Hamileliğimin bir ayındaydım, mide bulantılarım fazlasıyla oluyordu. Ama beni kıran şey Henry'nin hala da evlilik teklif etmemesiydi. Neyi bekliyordu ki. Artık bazen evlenmek istemiyor diye düşünüyordum. Bu da beni sinir ediyor, ona karşı sert oluyordum. Her defa yaklaşmak istedikte de istemiyorum diyip geri çeviriyordum. Ama kırılıyordum işte. Yine de benimle iyi davranıyor, yemeklerimi yemeyi, ilaclarımı kullanmayı o bana hatırlatıyordu. Artık hamileliğe dair bazı kitapları bile okumuştu.

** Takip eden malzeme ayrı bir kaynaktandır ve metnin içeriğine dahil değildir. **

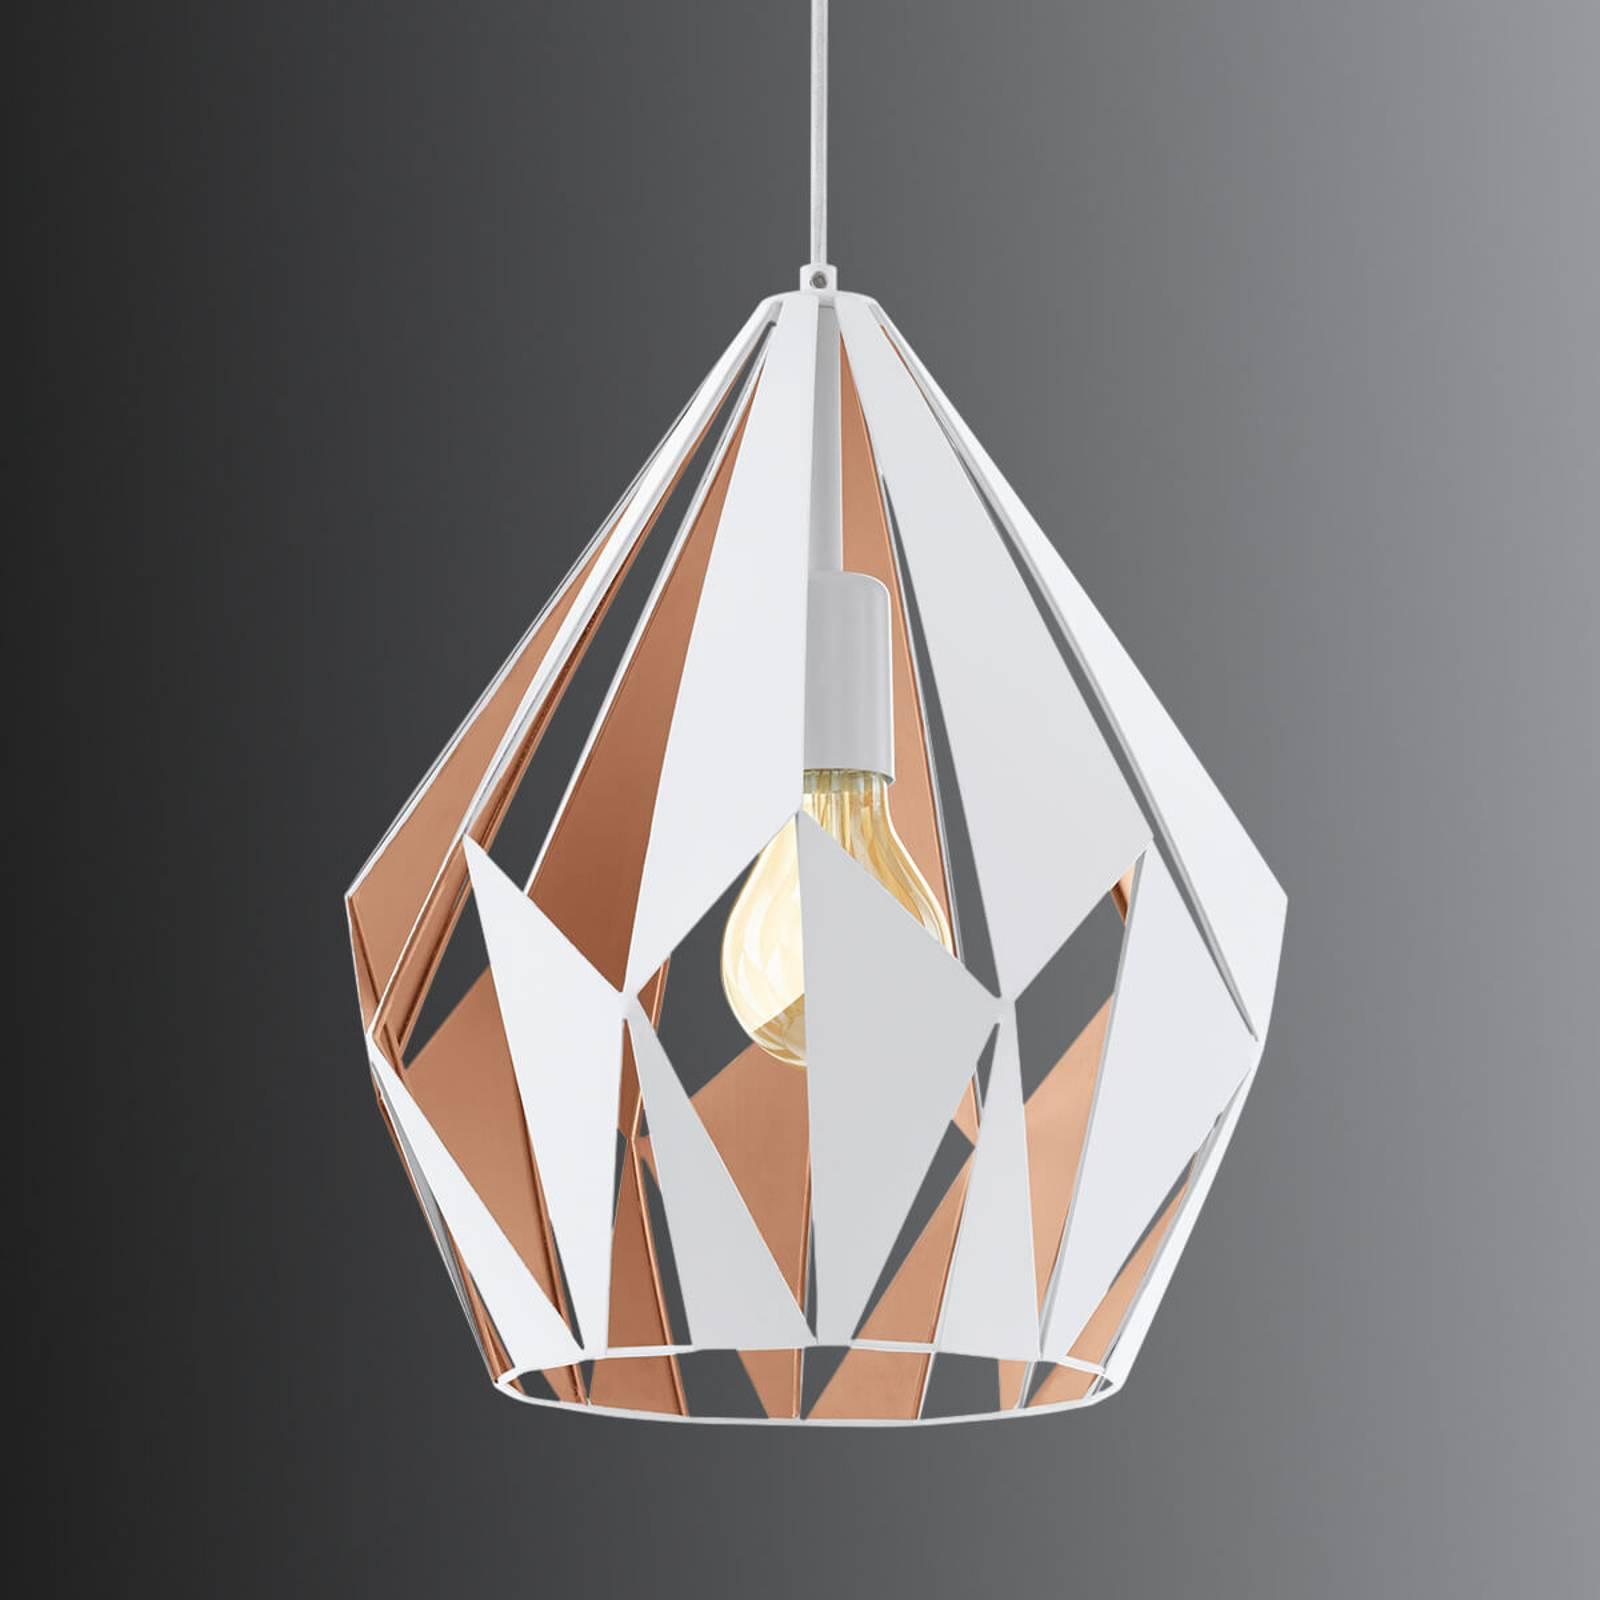 Hanglamp Carlton, wit-goud, Ø 31 cm
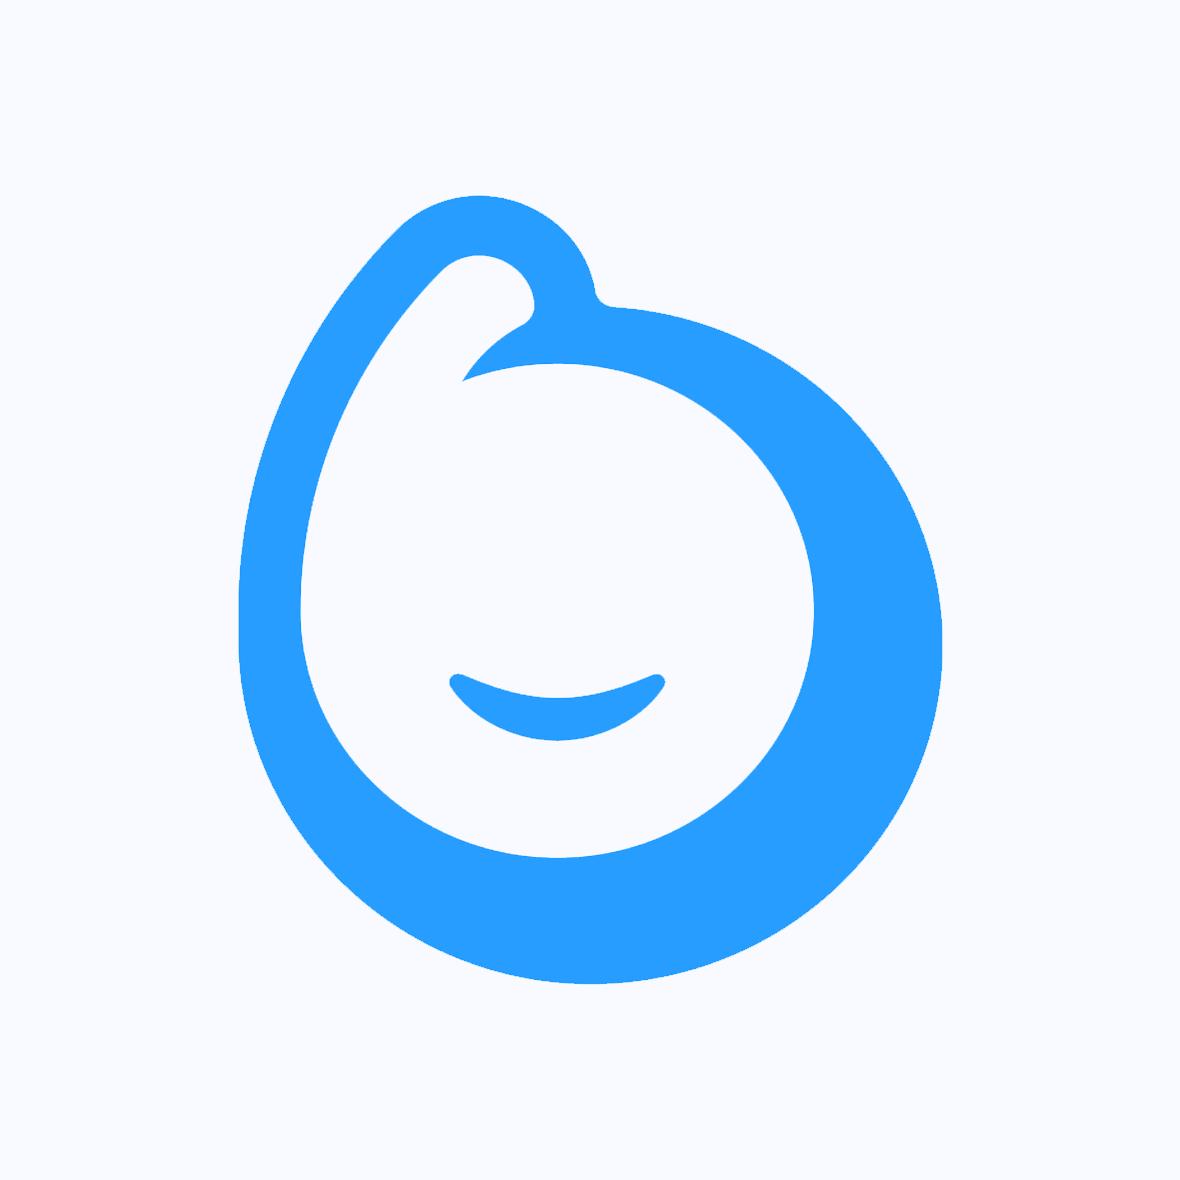 Blue Receipt

Bir ayımın tamam olmasında fotoğrafımı çekip paylaşmıştı. Her ayımda bunu yapacağını söylüyordu. Jeny'de doğum yapmış bir tane kızı olmuştu. Onlara gittiğimizde benim de hamile olma haberimi vermiştik, tüm aile mutlu olmuştu.

Dersten eve geldiğimde biraz uyumak istiyordum. Henry evde değildi, şu sıralarda gelen bir teklifi kabul etmemişti. Sorduğumda doğuma kadar hiç bir teklifi kabul etmeyeceğini bildirdi. Bu mutlu ediyordu beni. Ama hala bir evde yaşayan, hatta anne baba olan başka insanlardık.
Saat 12ye geldiğinde Henry'nin geldiğini duydum. Bu kadar zamana kadar neredeydi, ne yapıyordu merak etsem de ona kırgın olduğum için çokta konuşmuyordum. Yatağa girip sıkıca sarıldı. Tabiki kendimi rahatsız hiss ettim. Düşüncelerim fazlasıyla ağırlık yapıyor ve ona her saniye daha çok kırılıyordum. Ama kalkıp da evlenelim diyemezdim.